Zoll Medical Corporation manufactures and refurbishes medical devices. One of their devices is the LifeVest, a wearable cardiac defibrillator. These devices are manufactured in Zoll’s GAMMA  Facility. Gamma also receives and inspects all material and components. Currently, Zoll’s GAMMA  Facility is facing challenges with material flow and storage. The material flow and storage is complex and not based on data. This project focuses on the production line refill process in the stockroom and the general storage capacity of the facility. To address these issues, the team used the DMAIC framework to identify areas of improvement and  provide recommendations.

This problem required data from three general categories: process, capacity, and frequency/location. Time studies and interviews were conducted to collect data on the stockroom process, both in discrete time and in process steps. Materials team documents and existing schematics were used to understand and analyze the facility’s current and expected future capacity. Stockroom transaction records were used to measure the frequency at which stock was moved in and out of the stock room.

This data was used in several analyses to identify areas of improvement. The process data was used to create a process map and value stream map of the stockroom. From this, the team identified that many of the steps were non-value added and should be targeted for improvement. The process data also allowed for a pareto analysis of the time study. This showed that extraneous, non-value added tasks, like answering non-urgent questions from employees outside of the stockroom, took up a large portion of the refill cycle time.

The capacity data enabled a comparison analysis of current state storage and proposed future storage alternatives. The facility is currently storing more pallets than it has space for. Through this is analysis, the team found that constructing a storage garage on site is the best option moving forward.

The stockroom transactions fed an FMR analysis.

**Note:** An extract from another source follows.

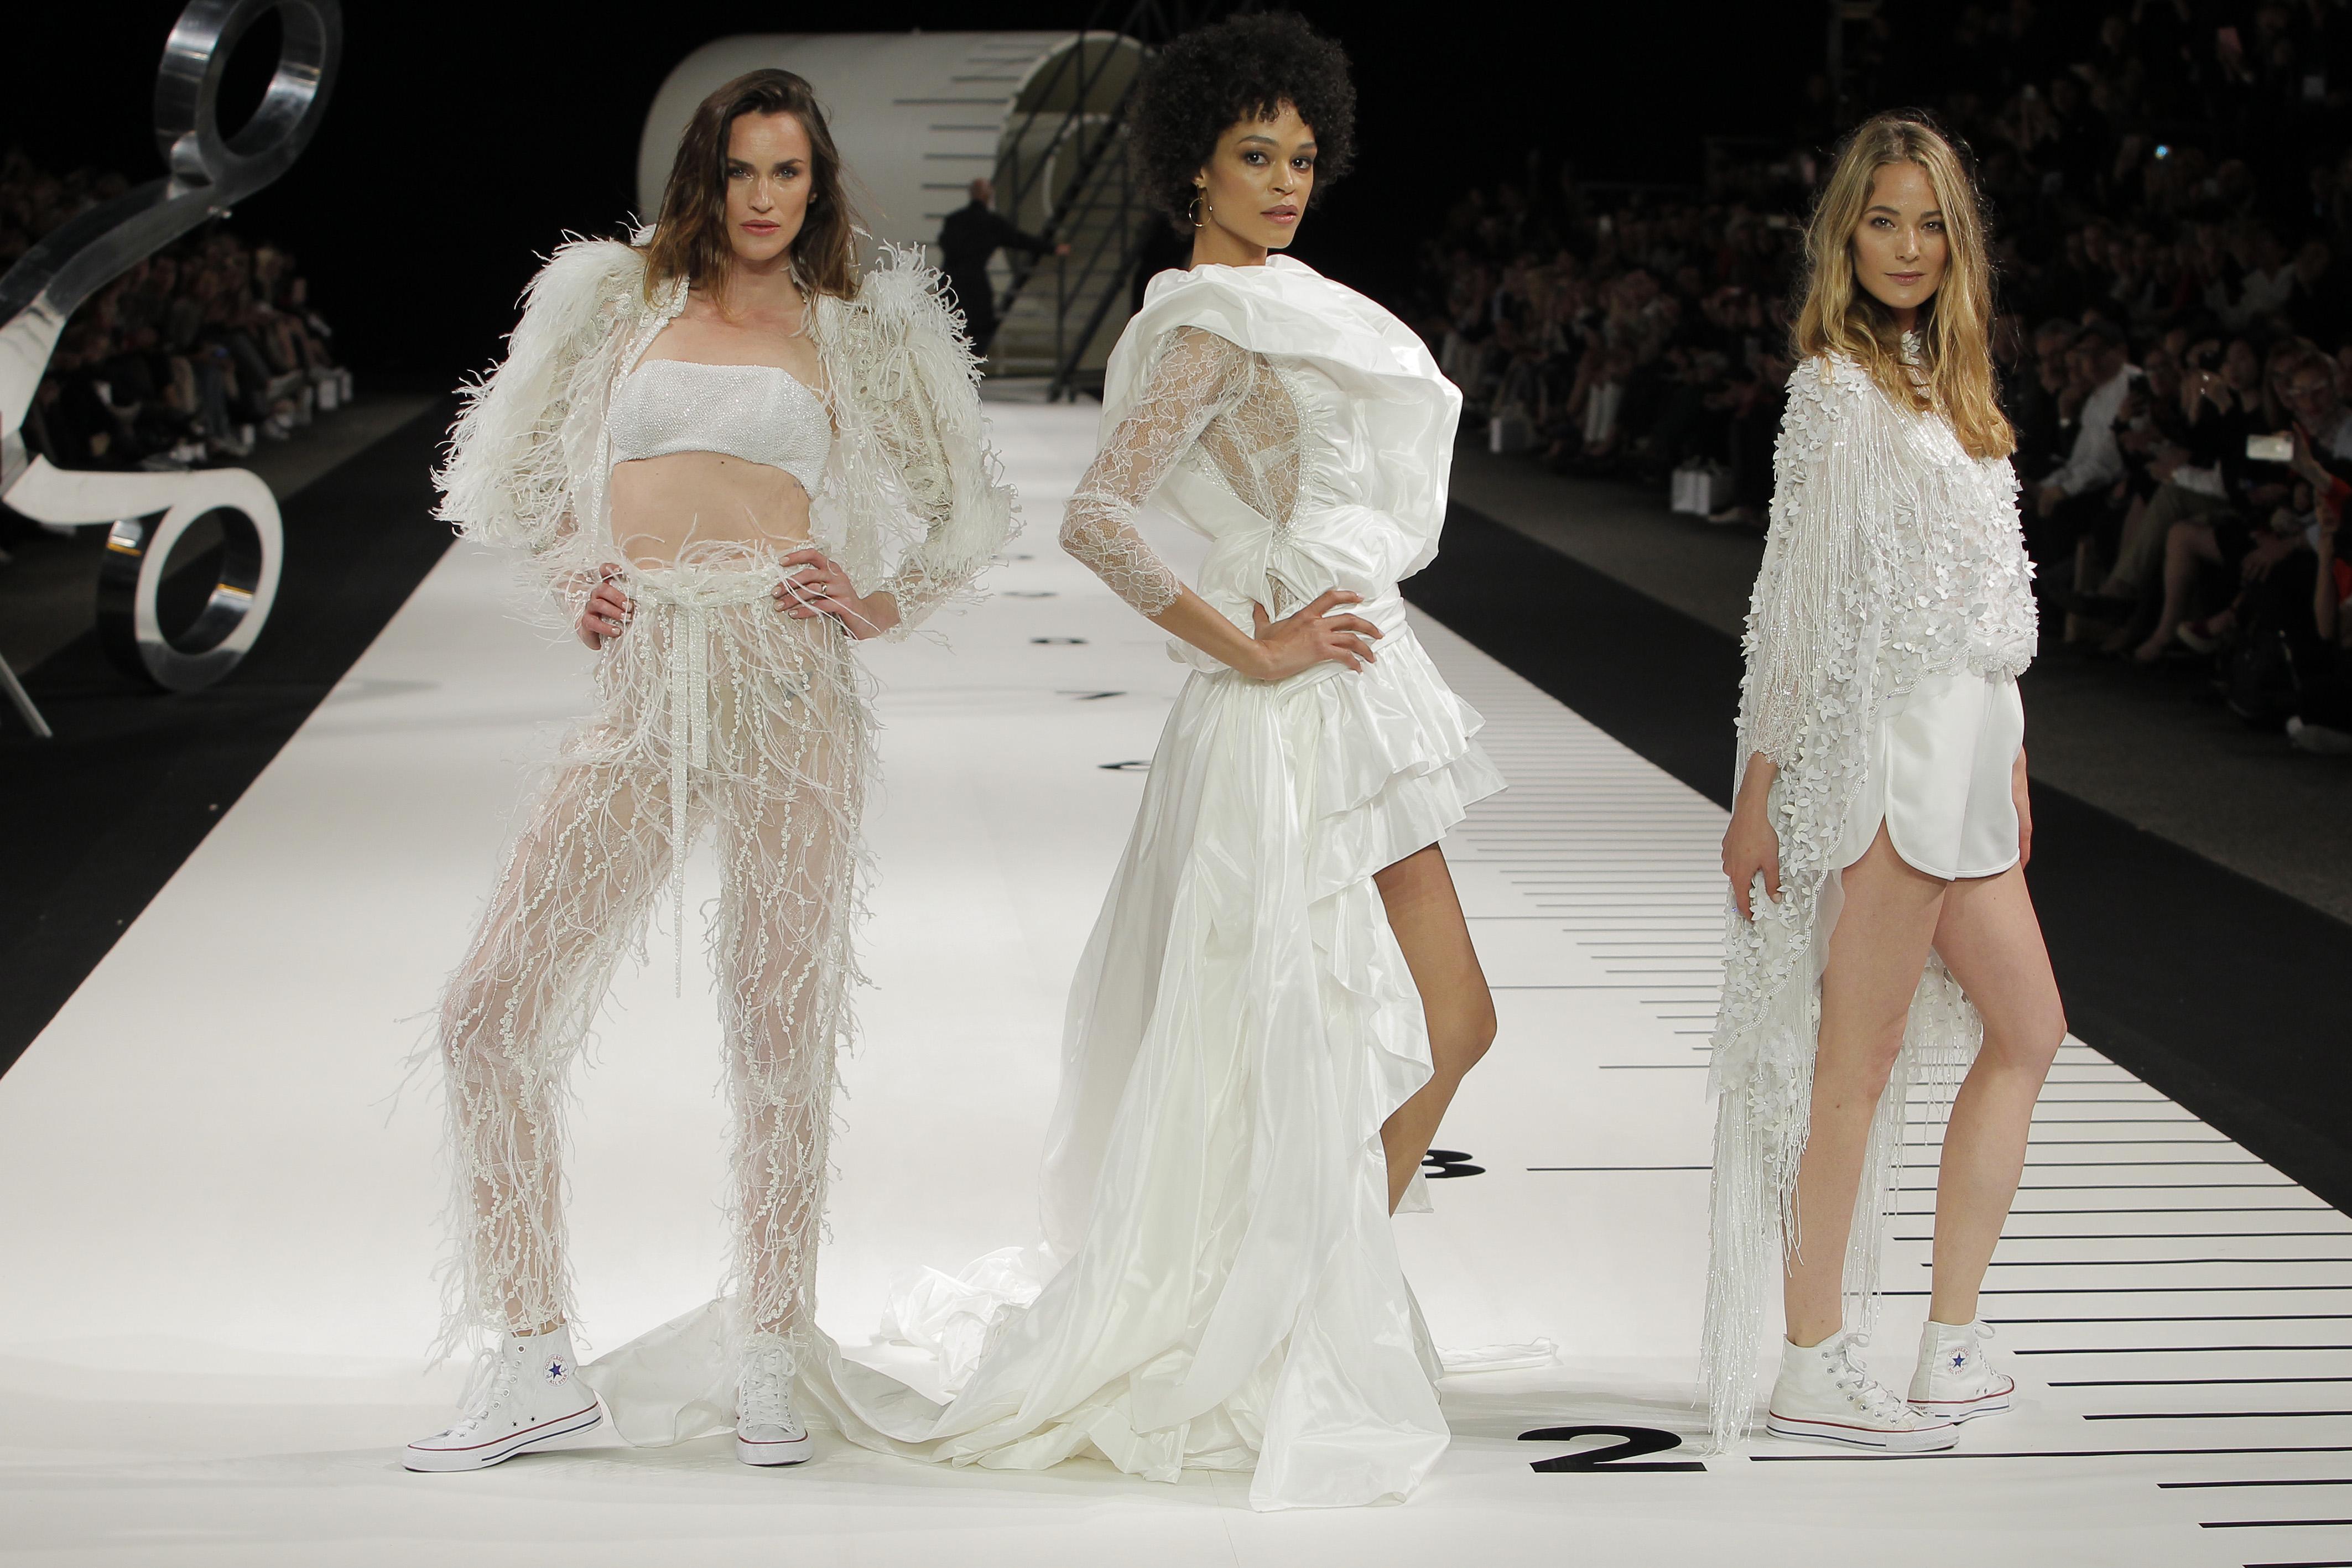 338cfa5797 Otras novias simplemente se inspiran en los looks nupciales de otras  décadas para copiar vestidos y siluetas de las actrices de moda en la  década de los 60 ...

This analysis categorized materials by their transaction frequency from Very Frequent Moving to Slow Moving. The categorizes enable storage location recommendations that better reflect the frequency in which materials are retrieved to better utilize stockroom employees.

Based on these analyses, the team makes several recommendations. For improvement in the process, stockroom quiet hours should be established to limit interruptions and extraneous tasks during peak work hours. In addition, the process should be evaluated to remove non-essential, out-of-scope tasks. For improvement in capacity, a garage should be constructed. Once a garage is constructed and there is flexibility in storage locations, materials should be stored throughout the facility according to the categories provided by the FMR analysis. Very Frequent Moving material should be prioritized for bulk storage in or near the stockroom, while Slow Moving material can be stored further away. This will improve transportation efficiency. 

Implementing these recommendations should provide Zoll GAMMA Facility with a reduction in process time, an increase in capacity, and an increase in efficiency.